Task description: Set down all of the data exactly. Pictures stay out of the copy.

Recorded information:

______

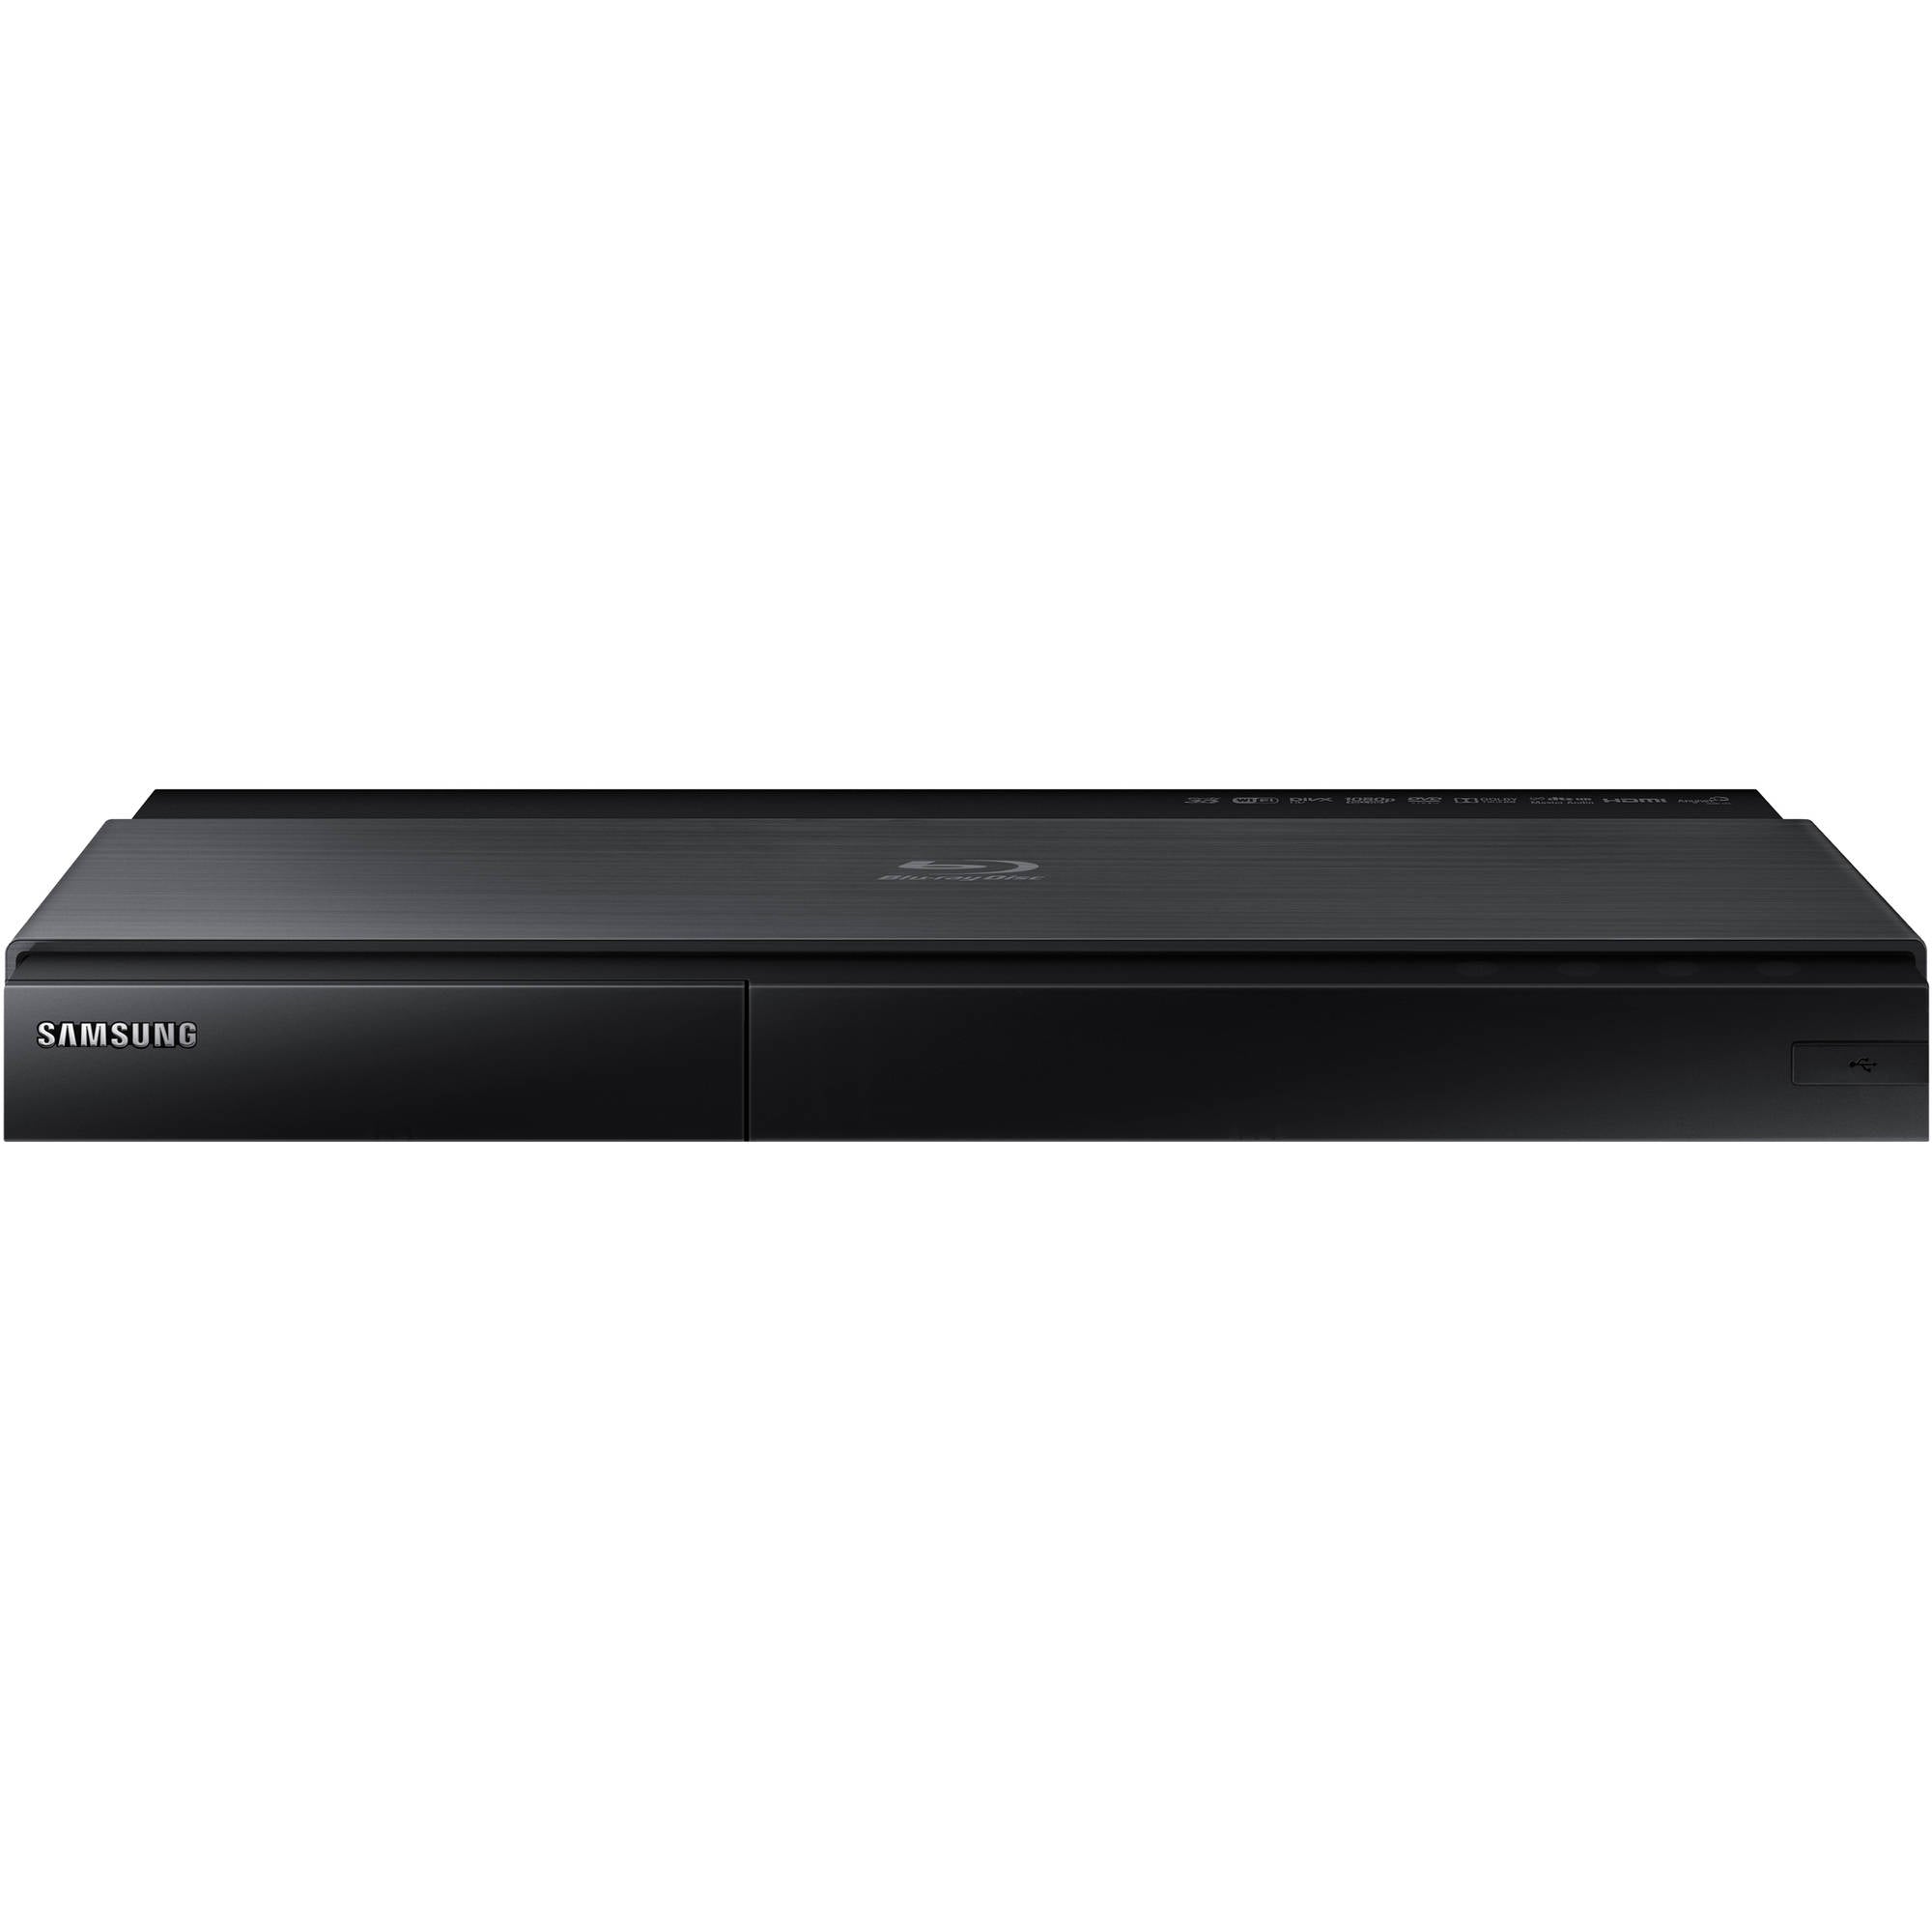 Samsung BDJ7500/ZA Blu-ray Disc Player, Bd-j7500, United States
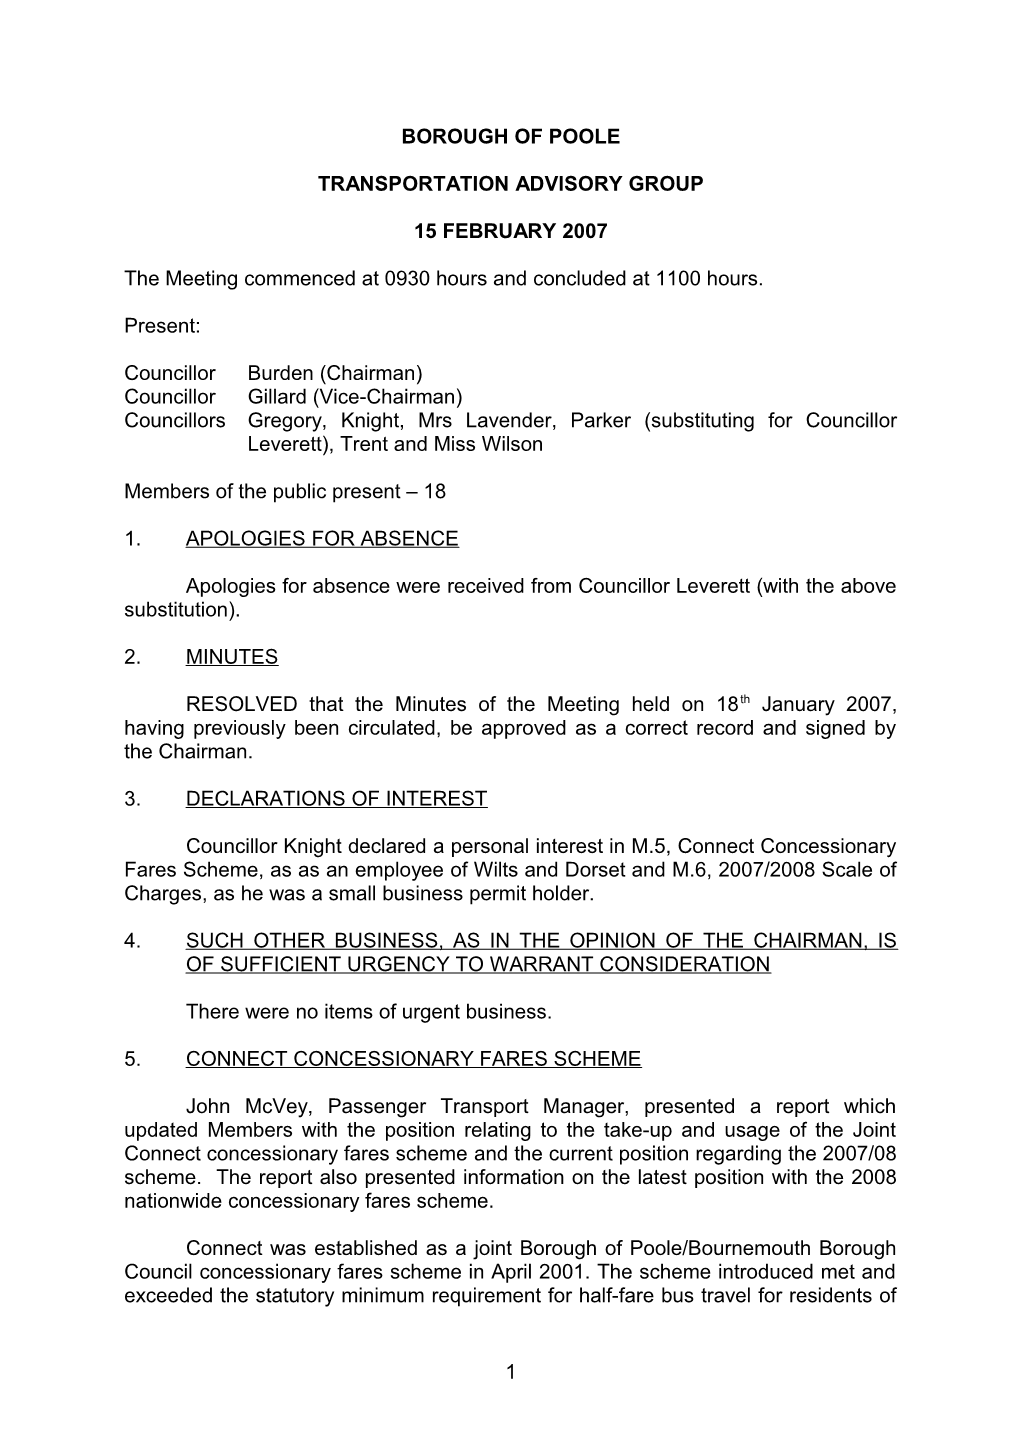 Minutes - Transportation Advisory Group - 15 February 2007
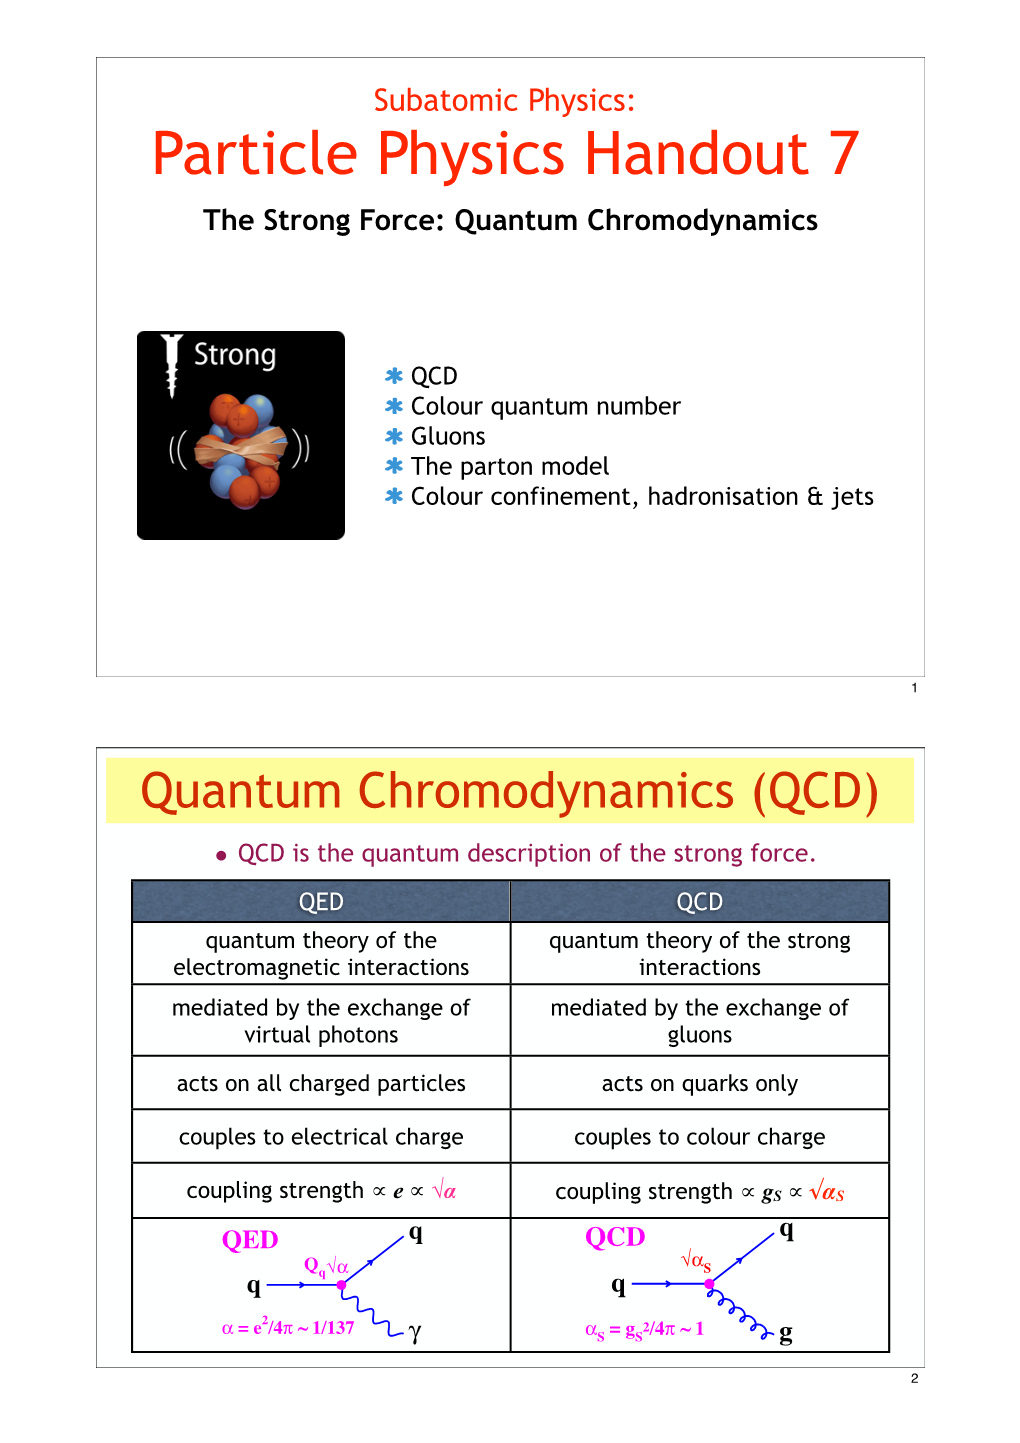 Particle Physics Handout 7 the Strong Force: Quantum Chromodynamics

______

Answer space:
 Samsung BDJ7500/ZA Blu-ray Disc Player, Bd-j7500, United States
 Minutes - Transportation Advisory Group - 15 February 2007
 Particle Physics Handout 7 the Strong Force: Quantum Chromodynamics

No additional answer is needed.